It might be nice to include another patch that replaces some of the
existing/common uses of a*b+c with the new function...

Otherwise, yes, please. We could build a coccinelle rule for
additional replacements...

-Kees
Julia Lawall Feb. 14, 2018, 7:27 p.m. UTC | #2
On Wed, 14 Feb 2018, Kees Cook wrote:

> On Wed, Feb 14, 2018 at 10:26 AM, Matthew Wilcox <willy@infradead.org> wrote:
> > From: Matthew Wilcox <mawilcox@microsoft.com>
> >
> > We have kvmalloc_array in order to safely allocate an array with a
> > number of elements specified by userspace (avoiding arithmetic overflow
> > leading to a buffer overrun).  But it's fairly common to have a header
> > in front of that array (eg specifying the length of the array), so we
> > need a helper function for that situation.
> >
> > kvmalloc_ab_c() is the workhorse that does the calculation, but in spite
> > of our best efforts to name the arguments, it's really hard to remember
> > which order to put the arguments in.  kvzalloc_struct() eliminates that
> > effort; you tell it about the struct you're allocating, and it puts the
> > arguments in the right order for you (and checks that the arguments
> > you've given are at least plausible).
> >
> > For comparison between the three schemes:
> >
> >         sev = kvzalloc(sizeof(*sev) + sizeof(struct v4l2_kevent) * elems,
> >                         GFP_KERNEL);
> >         sev = kvzalloc_ab_c(elems, sizeof(struct v4l2_kevent), sizeof(*sev),
> >                         GFP_KERNEL);
> >         sev = kvzalloc_struct(sev, events, elems, GFP_KERNEL);
> >
> > Signed-off-by: Matthew Wilcox <mawilcox@microsoft.com>
> > ---
> >  include/linux/mm.h | 51 +++++++++++++++++++++++++++++++++++++++++++++++++++
> >  1 file changed, 51 insertions(+)
> >
> > diff --git a/include/linux/mm.h b/include/linux/mm.h
> > index 81bd7f0be286..ddf929c5aaee 100644
> > --- a/include/linux/mm.h
> > +++ b/include/linux/mm.h
> > @@ -557,6 +557,57 @@ static inline void *kvmalloc_array(size_t n, size_t size, gfp_t flags)
> >         return kvmalloc(n * size, flags);
> >  }
> >
> > +/**
> > + * kvmalloc_ab_c() - Allocate memory.
>
> Longer description, maybe? "Allocate a *b + c bytes of memory"?
>
> > + * @n: Number of elements.
> > + * @size: Size of each element (should be constant).
> > + * @c: Size of header (should be constant).
>
> If these should be constant, should we mark them as "const"? Or WARN
> if __builtin_constant_p() isn't true?
>
> > + * @gfp: Memory allocation flags.
> > + *
> > + * Use this function to allocate @n * @size + @c bytes of memory.  This
> > + * function is safe to use when @n is controlled from userspace; it will
> > + * return %NULL if the required amount of memory cannot be allocated.
> > + * Use kvfree() to free the allocated memory.
> > + *
> > + * The kvzalloc_hdr_arr() function is easier to use as it has typechecking
>
> renaming typo?
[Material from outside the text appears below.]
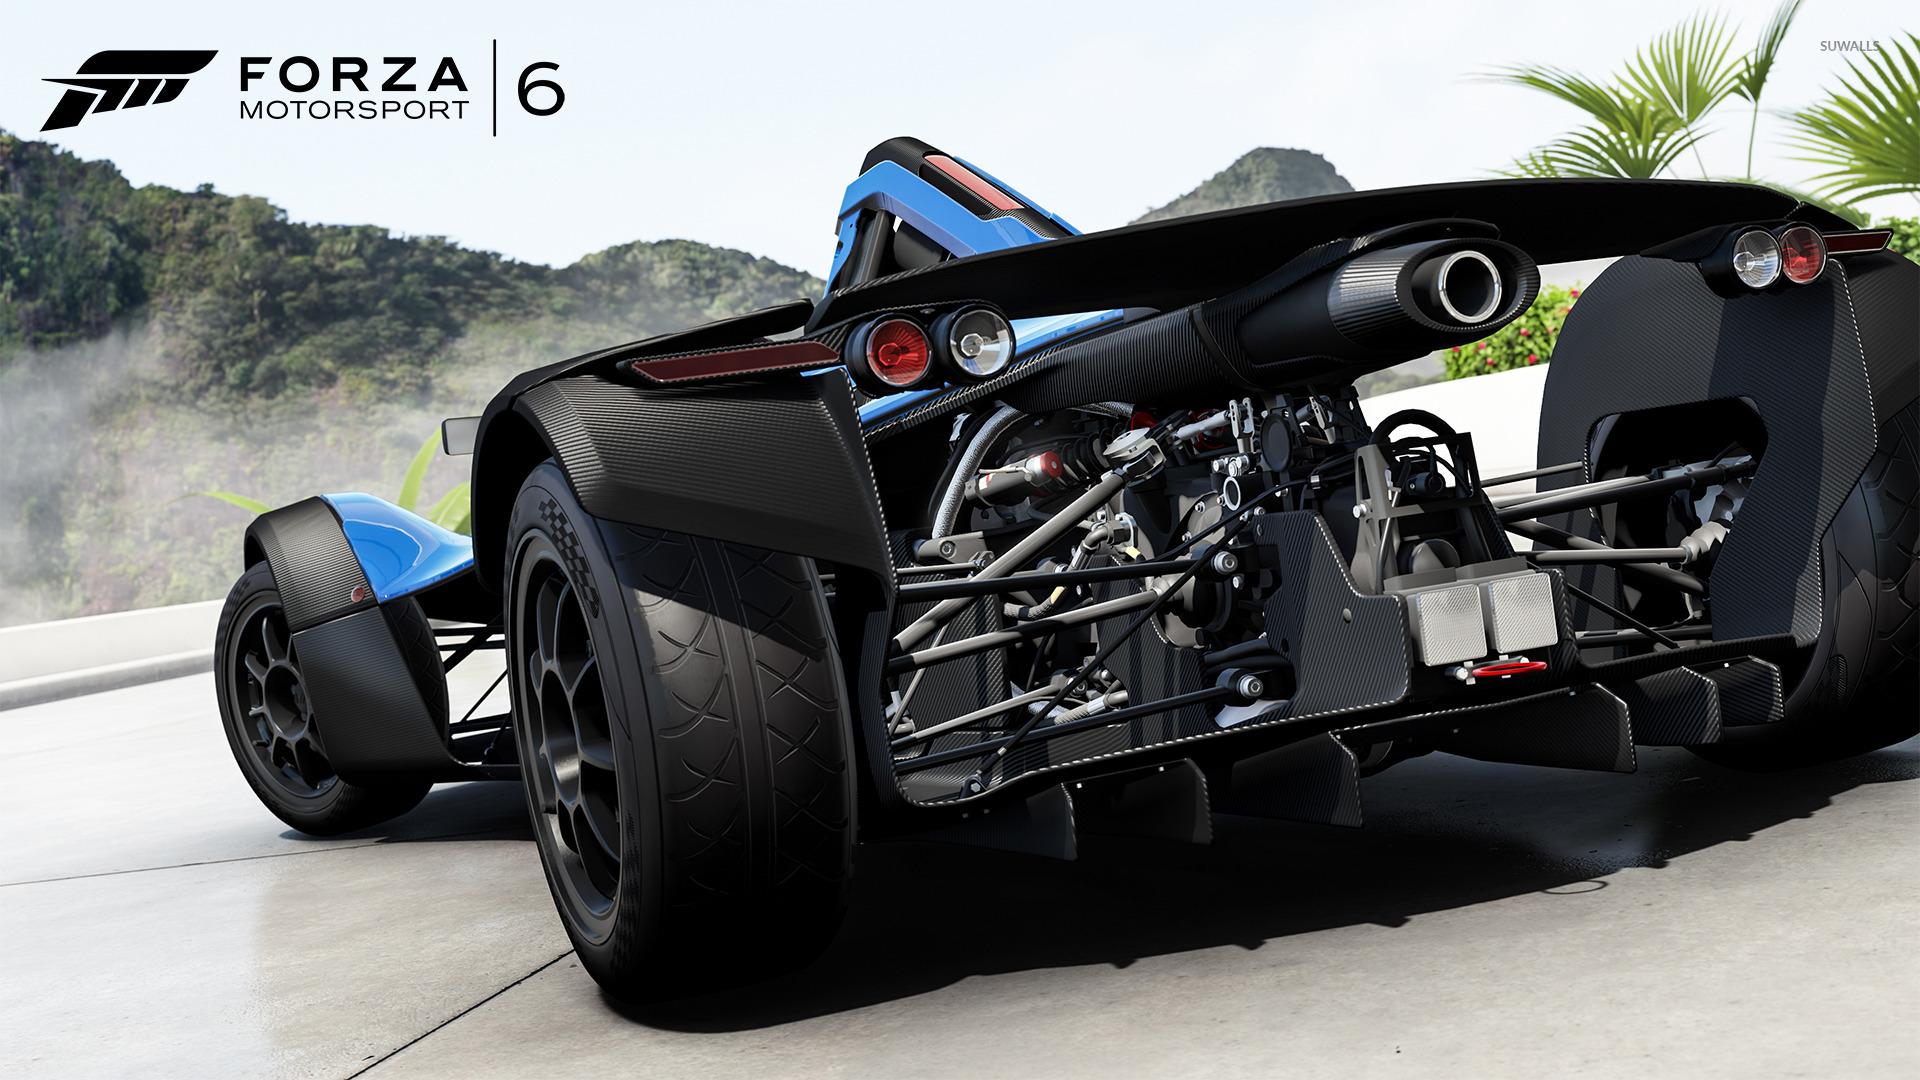 BAC Mono   Forza Motorsport 6 wallpaper   Game wallpapers   49034 1366x768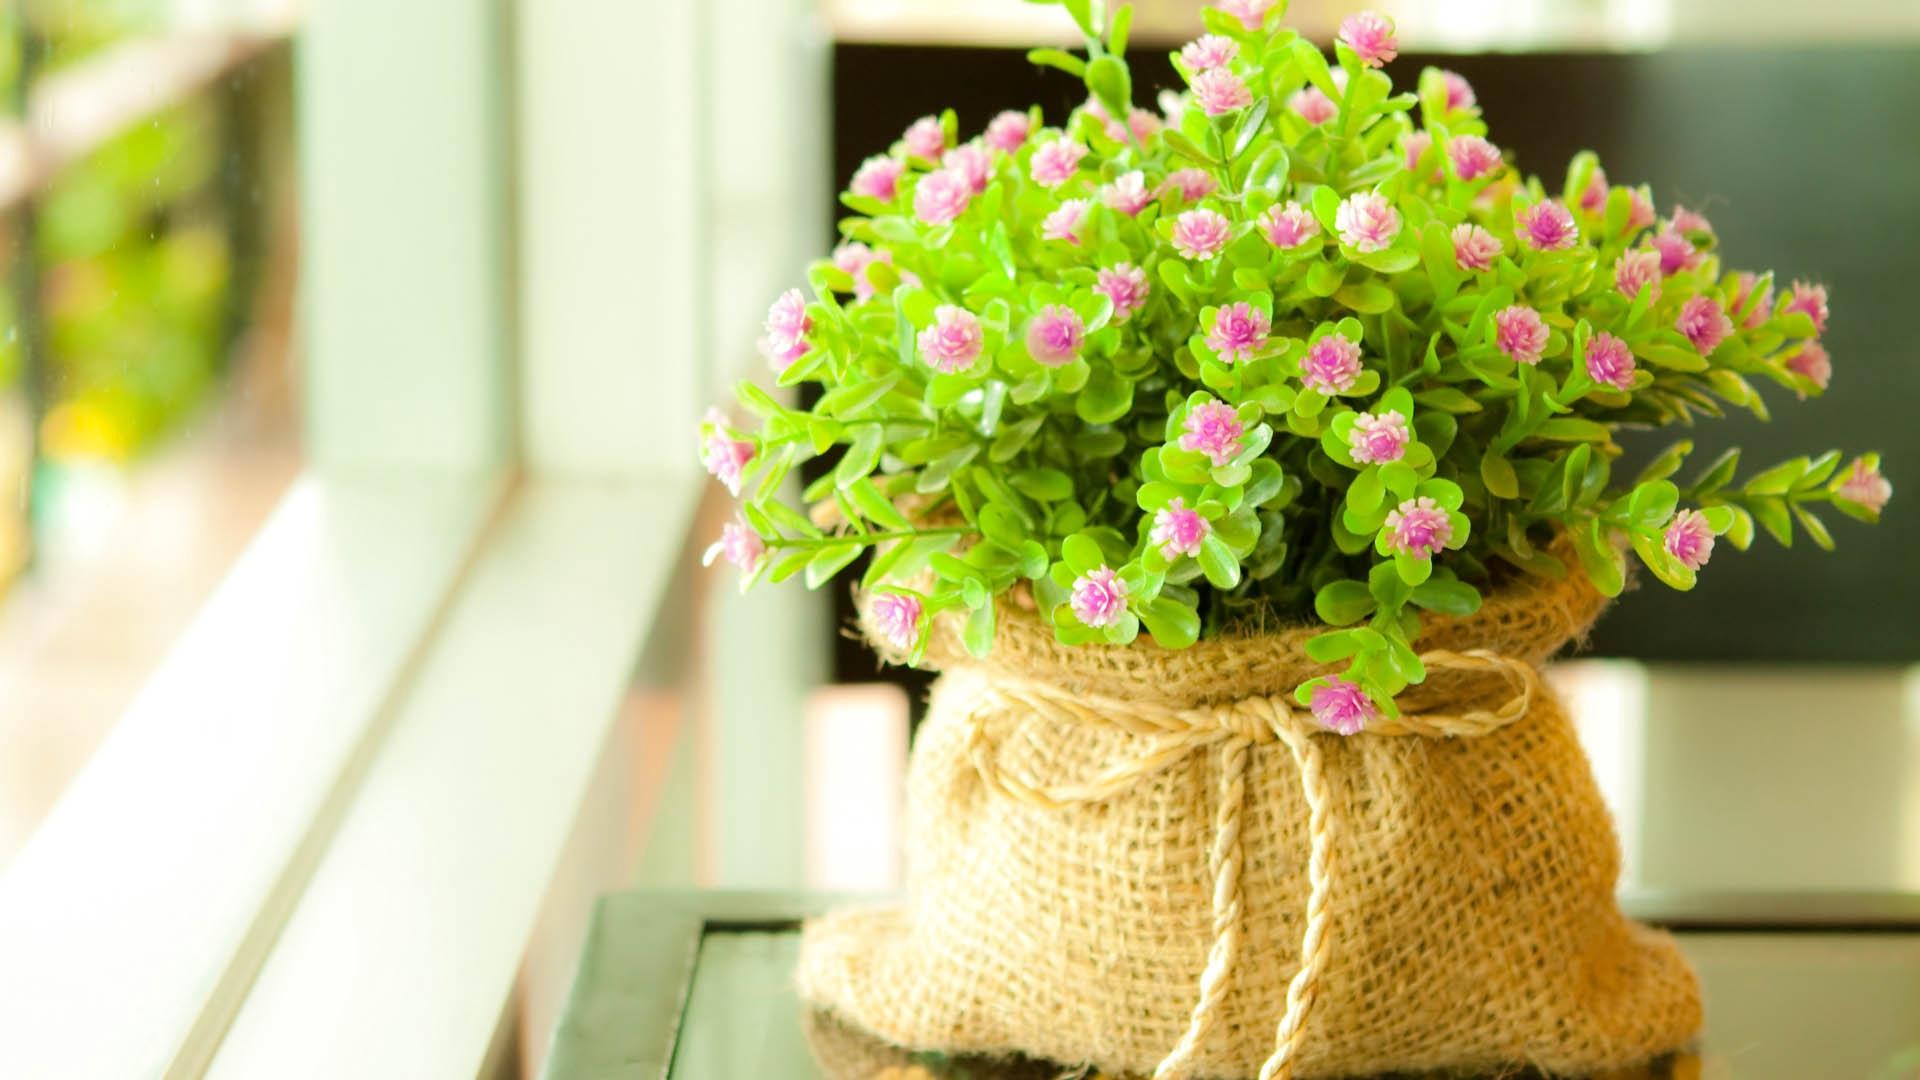 Wallpaper Flowers Bag Flower Cute Wallpapers For Desktop Background Full Screen 559449 Hd Wallpaper Backgrounds Download

Should this be "kvzalloc_struct()"?
>
> > + * and you do not need to remember which of the arguments should be constants.
> > + *
> > + * Context: Process context.  May sleep; the @gfp flags should be based on
> > + *         %GFP_KERNEL.
> > + * Return: A pointer to the allocated memory or %NULL.
> > + */
> > +static inline __must_check
> > +void *kvmalloc_ab_c(size_t n, size_t size, size_t c, gfp_t gfp)
> > +{
> > +       if (size != 0 && n > (SIZE_MAX - c) / size)
> > +               return NULL;
> > +
> > +       return kvmalloc(n * size + c, gfp);
> > +}
> > +#define kvzalloc_ab_c(a, b, c, gfp)    kvmalloc_ab_c(a, b, c, gfp | __GFP_ZERO)
>
> Nit: "(gfp) | __GFP_ZERO" just in case of insane usage.
>
> > +
> > +/**
> > + * kvzalloc_struct() - Allocate and zero-fill a structure containing a
> > + *                    variable length array.
> > + * @p: Pointer to the structure.
> > + * @member: Name of the array member.
> > + * @n: Number of elements in the array.
> > + * @gfp: Memory allocation flags.
> > + *
> > + * Allocate (and zero-fill) enough memory for a structure with an array
> > + * of @n elements.  This function is safe to use when @n is specified by
> > + * userspace as the arithmetic will not overflow.
> > + * Use kvfree() to free the allocated memory.
> > + *
> > + * Context: Process context.  May sleep; the @gfp flags should be based on
> > + *         %GFP_KERNEL.
> > + * Return: Zero-filled memory or a NULL pointer.
> > + */
> > +#define kvzalloc_struct(p, member, n, gfp)                             \
> > +       (typeof(p))kvzalloc_ab_c(n,                                     \
> > +               sizeof(*(p)->member) + __must_be_array((p)->member),    \
> > +               offsetof(typeof(*(p)), member), gfp)
> > +
> >  extern void kvfree(const void *addr);
> >
> >  static inline atomic_t *compound_mapcount_ptr(struct page *page)
>
> It might be nice to include another patch that replaces some of the
> existing/common uses of a*b+c with the new function...
>
> Otherwise, yes, please. We could build a coccinelle rule for
> additional replacements...

Thanks for the suggestion.  I will look into it.

julia
Matthew Wilcox Feb. 14, 2018, 7:35 p.m. UTC | #3
On Wed, Feb 14, 2018 at 11:22:38AM -0800, Kees Cook wrote:
> > +/**
> > + * kvmalloc_ab_c() - Allocate memory.
> 
> Longer description, maybe? "Allocate a *b + c bytes of memory"?

Done!

> > + * @n: Number of elements.
> > + * @size: Size of each element (should be constant).
> > + * @c: Size of header (should be constant).
> 
> If these should be constant, should we mark them as "const"? Or WARN
> if __builtin_constant_p() isn't true?

It's only less efficient if they're not const.  Theoretically they could be
variable ... and I've been bitten by __builtin_constant_p() recently
(gcc bug 83653 which I still don't really understand).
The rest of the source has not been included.